Methodology/Principal Findings
C3H/HeN and DBA/2 mice, which exhibit different mortalities when infected by intraperitoneal inoculation with JEV, were used as experimental models to compare viral pathogenesis and host responses. One hundred infectious virus particles killed 95% of C3H/HeN mice whereas only 40% of DBA/2 mice died. JEV RNA was detected with similar low levels in peripheral lymphoid organs and in the sera of both mouse strains. High levels of viral and cytokine RNA were observed simultaneously in the brains of C3H/HeN and DBA/2 mice starting on days 6 and 9 post-infection, respectively. The kinetics of the cytokines in sera correlated with the viral replication in the brain. Significantly earlier and higher titers of neutralizing antibodies were detected in the DBA/2 strain.

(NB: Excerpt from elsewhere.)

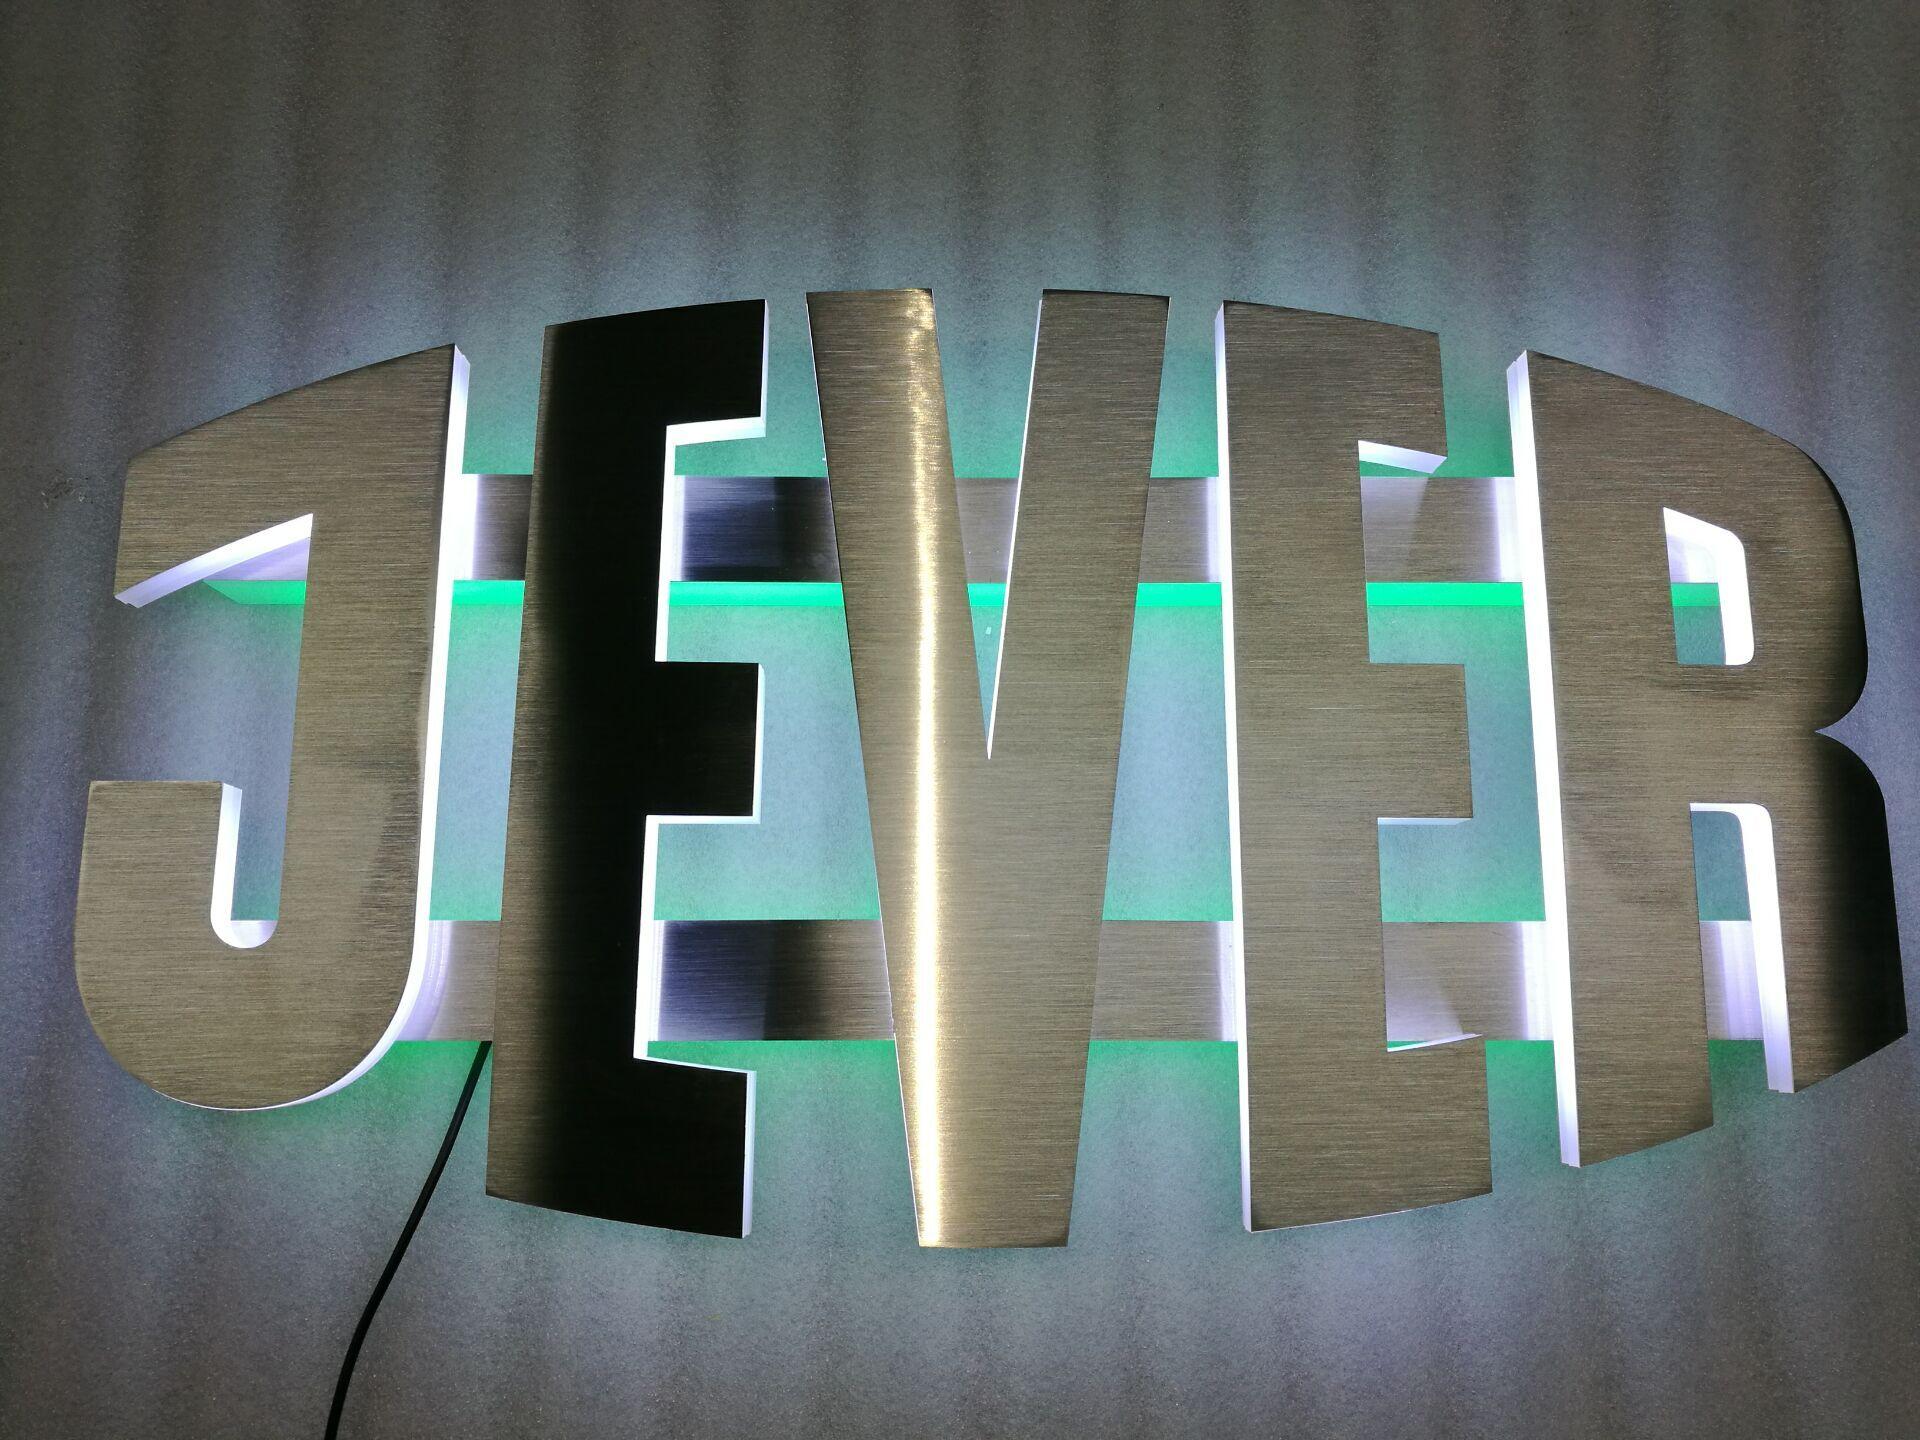 brushed metal light sign

Primary embryonic fibroblasts, bone marrow-derived dendritic cells and macrophages from the two mouse strains were cultured. Fibroblasts displayed similar JEV replication abilities, whereas DBA/2-derived myeloid antigen-presenting cells had lower viral infectivity and production compared to the C3H/HeN–derived cells.
Conclusions/Significance
Mice with different susceptibilities to JEV neuroinvasion did not show changes in viral tropism and host innate immune responses prior to viral entry into the central nervous system. However, early and high neutralizing antibody responses may be crucial for preventing viral neuroinvasion and host fatality. In addition, low permissiveness of myeloid dendritic cells and macrophages to JEV infection in vitro may be elements associated with late and decreased mouse neuroinvasion.